Когда аналитики из American Enterprise Institute обобщили десятки опросов, проводившихся на протяжении более 80 лет, выяснилось: большинство американцев действительно называют именно 1950-е годы лучшим временем в истории США. Не эпоху Рейгана с её триумфальной риторикой, не послевоенные 1940-е с их духом победы. Именно пятидесятые — десятилетие, которое в коллективной памяти превратилось в золотой век, утраченный рай, к которому нужно вернуться любой ценой.
Кстати, слоган последователей Трампа Make America Great Again («сделаем Америку великой снова») — для многих это конкретная дата в прошлом. Миллионы американских консерваторов под «снова» подразумевают «в 1950-е годы».
Рай, которого не было
Белые заборчики перед аккуратными домами в пригородах, где каждая лужайка пострижена с одинаковой тщательностью. Отец возвращается с работы ровно к шести вечера, к ужину, который приготовила мать в платье и жемчужном ожерелье — даже дома она выглядит так, словно сошла с обложки журнала Life. Дети играют на улице до темноты, и никто не боится. По радио звучит голос Фрэнка Синатры, такой уверенный и мягкий, и кажется, будто мир и правда устроен справедливо. В кинотеатрах показывают фильмы с простыми сюжетами, где добро всегда побеждает зло, а владелец магазинчика за углом знает тебя по имени и иногда позволяет взять продукты в долг до получки.
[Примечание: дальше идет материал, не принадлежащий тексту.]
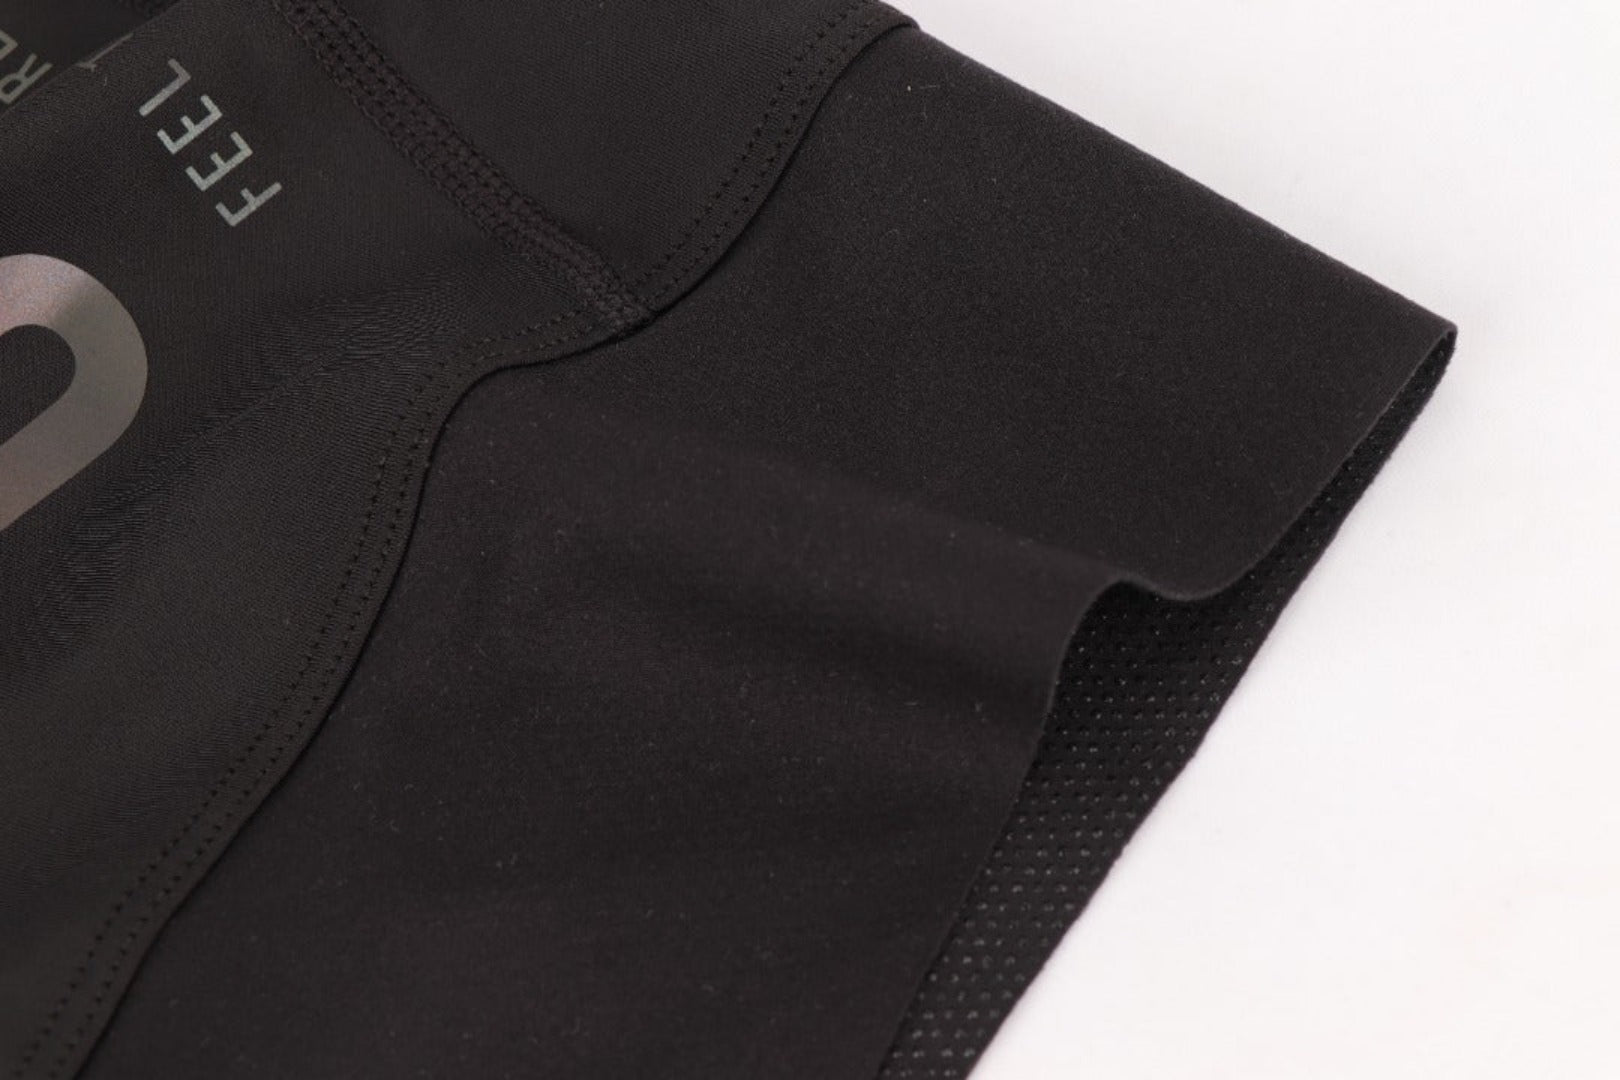 Elastic leg grippers. Men's black magnetic snap buckle bib shorts. CAS Feel the freedom grey to colourful reflective logo.

Семья упаковывает вещи в багажник автомобиля для пикника. США, 1950-е
H. Armstrong Roberts / ClassicStock / Getty Images
Мужчина с дипломом средней школы мог позволить себе дом, машину и троих детей на одну зарплату. Между 1957 и 1964 годами около 77% американцев говорили, что большинству людей можно доверять — цифра, которая с тех пор сократилась вдвое. Соседи действительно знали друг друга, дети росли вместе, будущее казалось светлым и предсказуемым, как расписание поездов.
Leave It to Beaver и Father Knows Best — телевизионные семейные шоу той эпохи до сих пор определяют её образ в массовом сознании. Мир стабильности и ясности, где каждый знал своё место. Но под этой идеальной оболочкой жила другая Америка — причём устроенная совершенно не так, как представляют себе те, кто мечтает туда вернуться.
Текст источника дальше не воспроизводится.